The rapid advancement of AI music generation is raising important questions about the fair use of copyrighted works to train these AI models. While AI music startups like Suno are generating significant buzz with their impressive text-to-song capabilities, there are growing concerns that some may be training their models on copyrighted music without obtaining the necessary licenses or consent from rights holders.

Everything you need to know:
✓ Questions raised over whether Suno and others exploit copyrighted music to train AI without licenses
✓ Unfair AI music training potentially undermines musicians, letting tech profit at their expense
✓ Supporting transparent, ethical AI crucial to ensure fairness to human creators as tech advances
Are AI music companies secretly stealing from artists?
The rapid advancement of AI music generation is raising important questions about the fair use of copyrighted works to train these AI models. While AI music startups like Suno are generating significant buzz with their impressive text-to-song capabilities, there are growing concerns that some may be training their models on copyrighted music without obtaining the necessary licenses or consent from rights holders.
In a recent guest column, Ed Newton-Rex, CEO of AI ethics certification company Fairly Trained, raises the alarm about Suno’s training practices. While praising the technical capabilities of Suno’s AI, Newton-Rex points to several clues suggesting the company likely trained its models on a vast corpus of copyrighted songs without appropriate licensing deals in place with major music labels and publishers.
Suno has so far declined to disclose details about its training data sources. In an interview with Rolling Stone, one of Suno’s investors acknowledged the company did not have label deals when it started, invested despite knowing Suno could get sued, and that the founders’ lack of open hostility to the music industry “doesn’t mean we’re not going to get sued.” Suno has also not engaged with Fairly Trained’s offer to get certified for ethical AI training practices, unlike a dozen other AI music startups.
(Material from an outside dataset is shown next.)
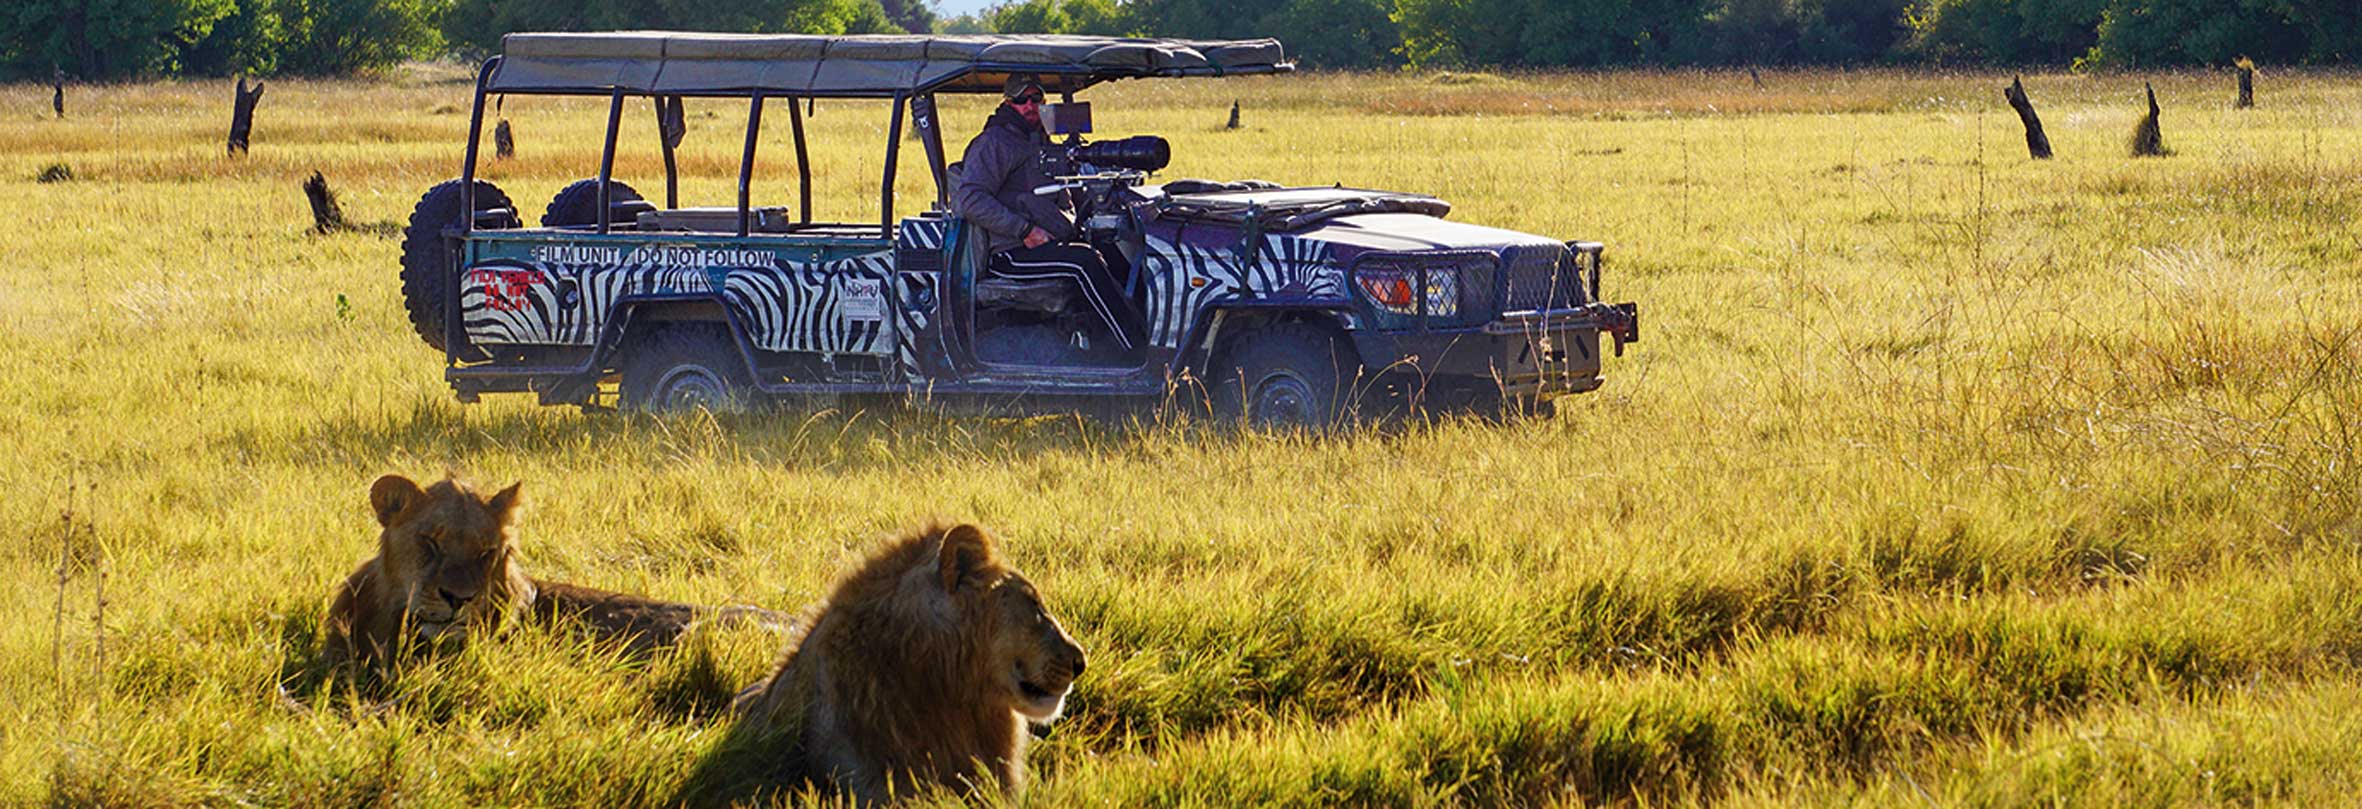 Botswana-Safari im 4x4-Fahrzeug

If it’s true that Suno and potentially other AI music companies are exploiting copyrighted works without permission to train competing AI models, Newton-Rex argues this poses an existential threat to human musicians and the music industry. Generative AI music is already starting to eat into streaming revenues as some people listen to AI music instead of human-created songs on services like Spotify. If AI music training isn’t done above board with proper licensing, it will inevitably lead to lost income for musicians as AI unfairly competes with their work.
Two roads for AI music: Exploitation or ethics
There are two paths forward – the exploitative approach of training AI models on copyrighted music without consent, or the ethical approach of only using appropriately licensed or public domain works. Newton-Rex highlights that many AI music startups, around a dozen certified so far by Fairly Trained, are putting in the hard work to train their models fairly without resorting to exploiting musicians’ intellectual property.
However, some of the biggest generative AI companies continue to scrape huge datasets of creative works to train their models with little regard to licensing. This has sparked major public outcry from creators and a wave of lawsuits aimed at protecting their rights and livelihoods. If we as a society condone the unauthorized use of copyrighted material to train AI, we are implicitly supporting the destruction of the creative industries for the commercial benefit of big tech companies.
It’s crucial that the media and public apply more scrutiny to the training data practices of buzzy AI startups like Suno. We can’t let the hype around their capabilities blind us to unfair exploitation happening behind the scenes. Suno should disclose its data sources and prove it is not freeloading off musicians’ work if it wants to claim the ethical high ground. The AI music companies doing things the right way by actually licensing training data or using public domain works exclusively deserve our praise and support.
In the end, it doesn’t matter if you’re a team of musicians building the AI, claim to respect IP rights, or decorate your office with pictures of famous composers. As Newton-Rex argues, “If you train on copyrighted work without a license, you’re not on the side of musicians. You’re unfairly exploiting their work to build something that competes with them. You’re taking from them to your gain — and their cost.” Only by insisting on fair, transparent and ethical AI training practices can we ensure technological progress in music doesn’t come at the expense of human artists.